Making these activities introvert-friendly is an important point you should not overlook. You probably started doing a weekly Zoom happy hour at the beginning of lockdown; how did that work out? From what I’m hearing, most of those Zoom happy hours have already fallen off. Why? Because they’re not introvert-friendly, yet most of your team are probably introverts.
You don’t have to go with trivia, but pick some other social activity that hits those same bullet points.
Oh, and let trivia cut into work hours. Now is not the time to try and squeeze blood from a stone. Right now your goal is not necessarily to boost morale but rather to preserve as much of it as you can. Do the first couple of trivias from 4-5 on Fridays, and if people really love it you can consider making it after-hours. But if productivity is so low now anyway, why worry about that 2% of the week you’d cut into on a Friday afternoon?
The second thing you should do is give your employees something to look forward to, plan around, and anticipate. Tons of Disney trips and week-long jaunts to Europe have been canceled, but renting a house somewhere beautiful and isolated is still a viable vacation option.
Encourage your people to rent a house or go camping for a week. If you can, offer to have the company pay for one or two nights of the vacation. And try to schedule it as far out as you can — send people away to go see fall foliage in a cabin in Vermont. Help book an early spring Hudson River Valley rental house for an employee who you know loves hiking. Give them something to look forward to. Many might be unwilling to plan that far ahead; that’s why you incentivize them by offering to pay for the first night.
This isn’t easy, and it won’t get easier for a while.

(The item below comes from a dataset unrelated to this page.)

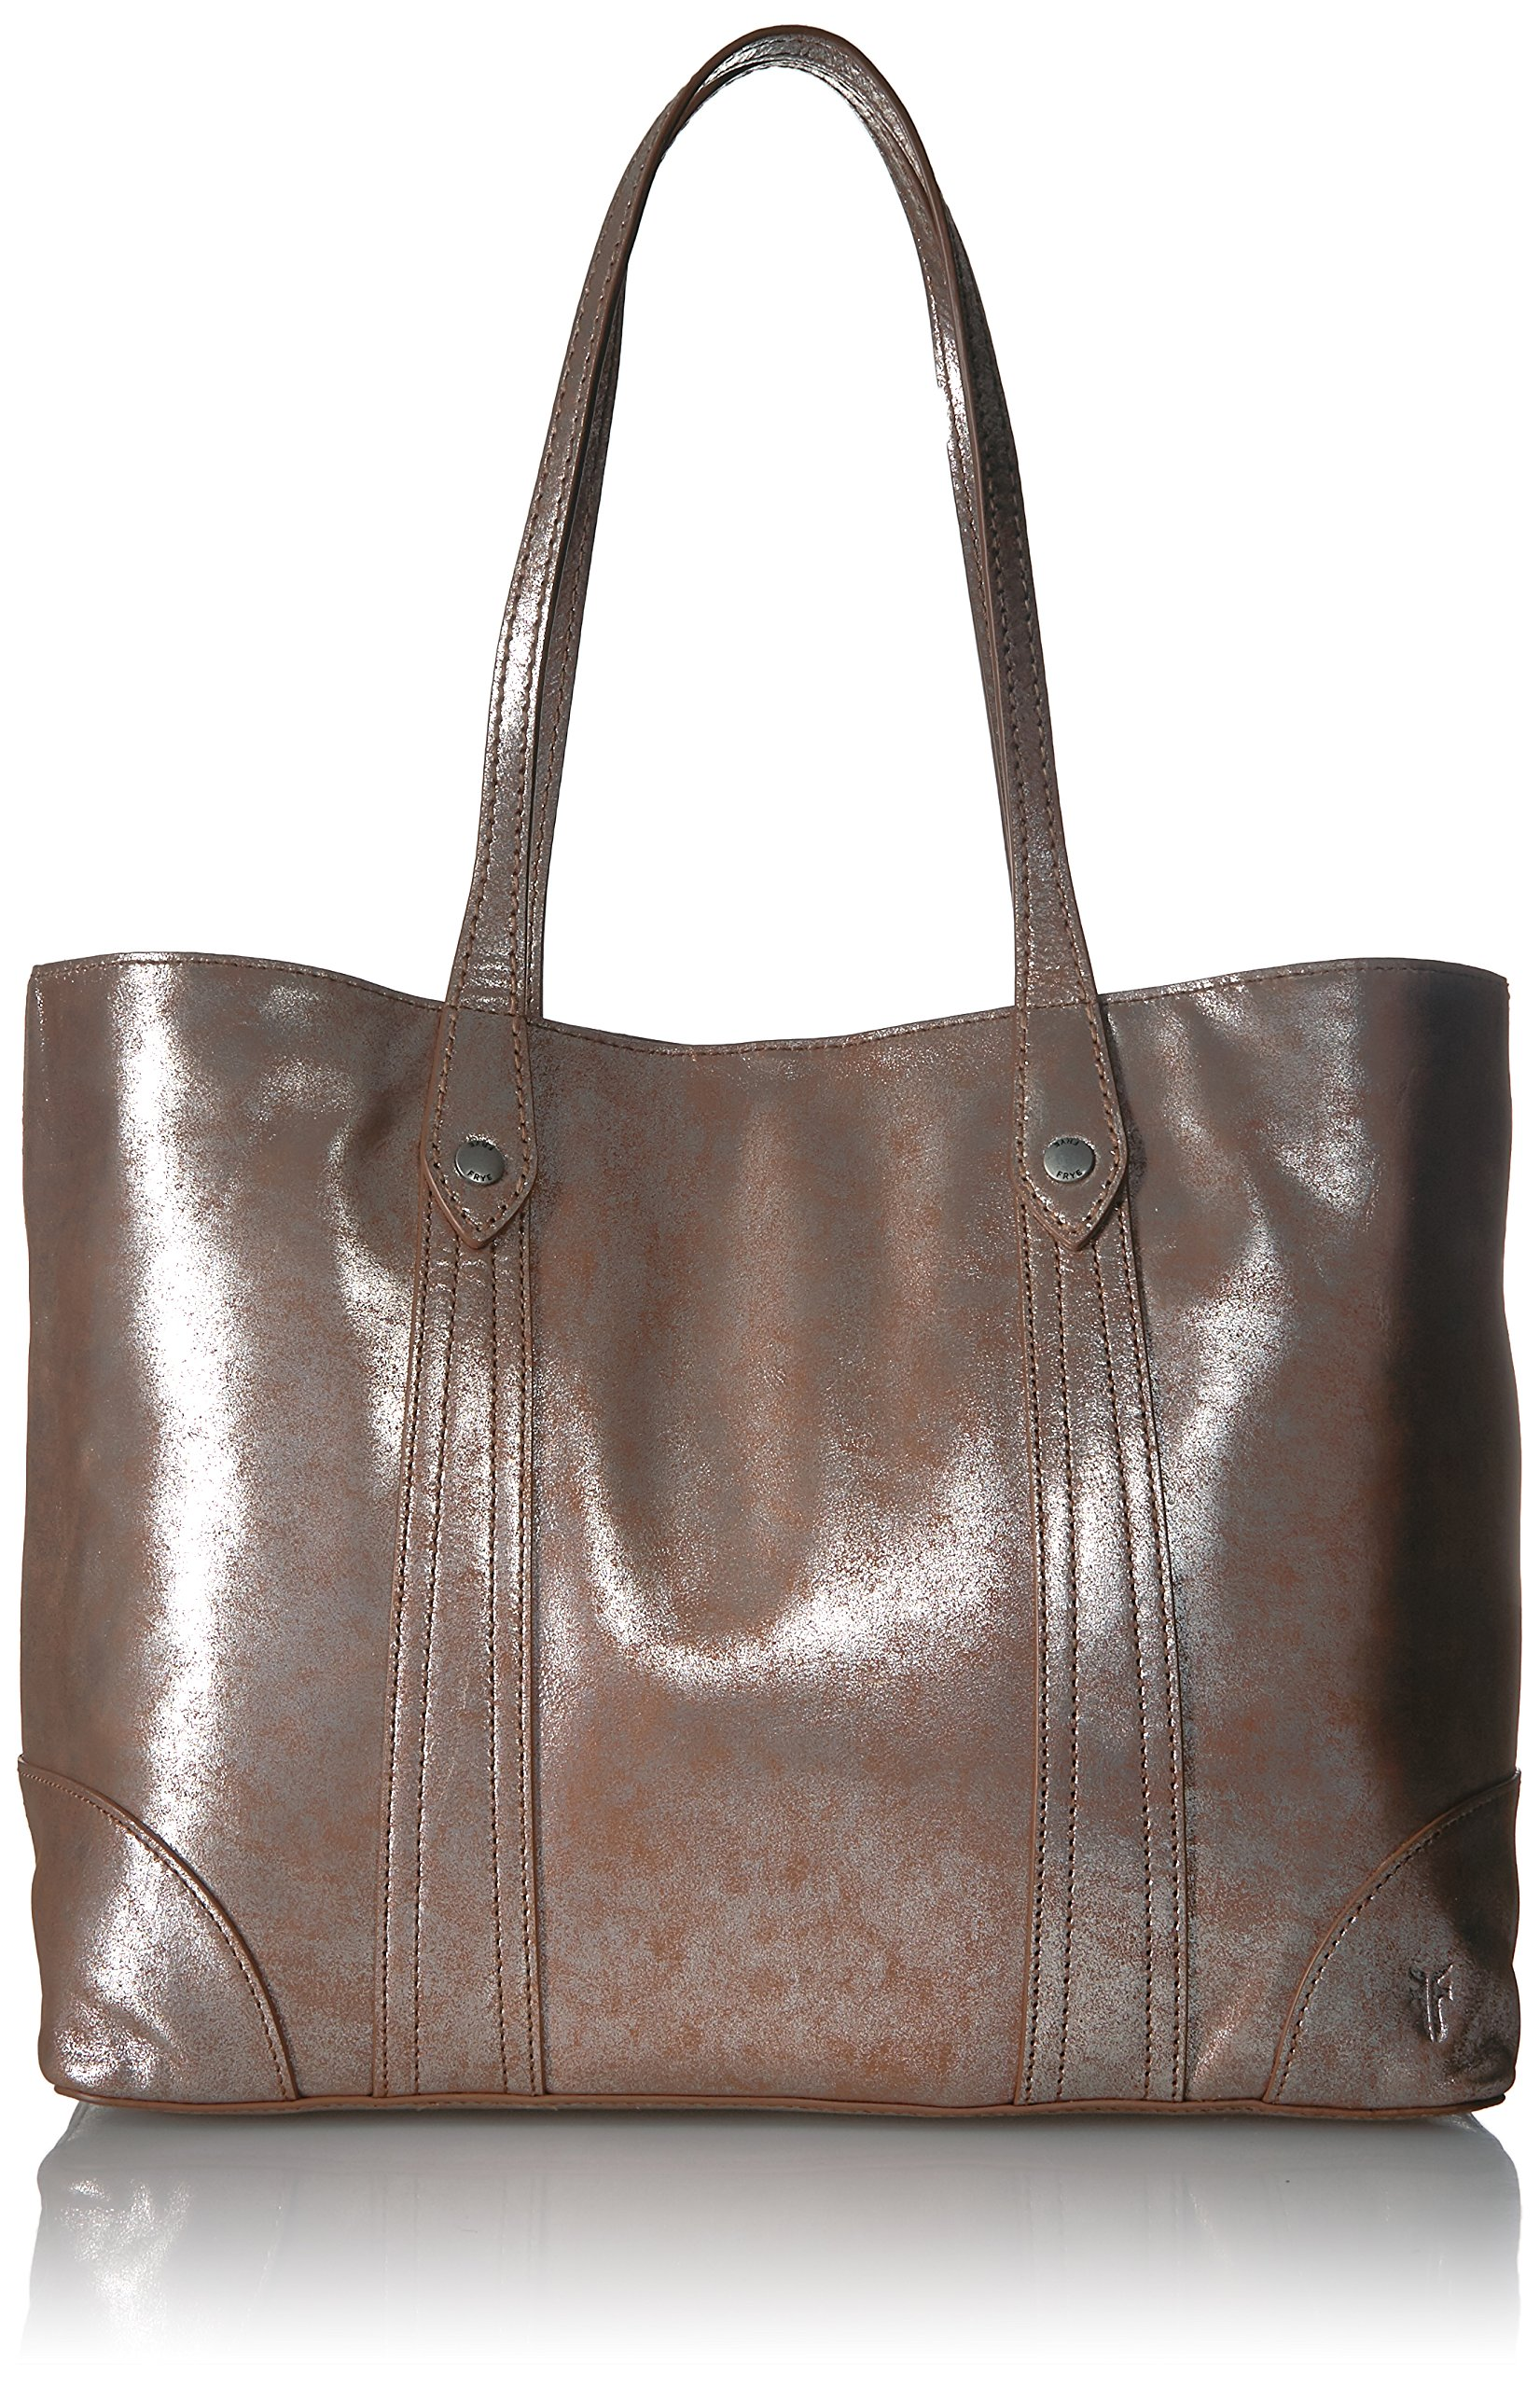 FRYE Melissa Shopper Tote Leather Handbag, Silver/Multi , One Size

Schools reopening next month is a huge variable, and things may get worse then.
The most important thing you can give your team is understanding and support. I know that’s tough to do right now; you’re supposed to look out for the business and you need everyone to be as productive as possible. But everybody’s losing this year, not just you. If you hope to thrive when this is all over, you’ll need to have taken care of your people in the interim.
I Wish I Had Better Advice
This newsletter is called “CTO Worries”, not “CTO Solutions”. I discussed these topics with a group of CTOs last week, and this is the best we could come up with! If nothing else, take solace in the fact that nobody actually knows what they’re doing right now. There’s no guidebook. We simply have to rely on our experience and intuition.
We all seemed to agree on the core points though: for the duration of this pandemic we will likely need to take a more active role than usual in our employees’ personal morale. Typically, CTOs worry about team morale insofar as their relationship to their job goes; but a CTO managing a team of 30 simply can’t delve into individuals’ personal lives to help out. Now, you might have to.
You have to make the time to do these things, and you have to advocate for your employees moreso than you ever have. You’d have no problem shelling out $1000 to send someone to a conference; shell out that same $1000 to pay for a nature retreat instead! That simple act of generosity will simultaneously give your team something to look forward to and also show that you’re serious about supporting your people through this.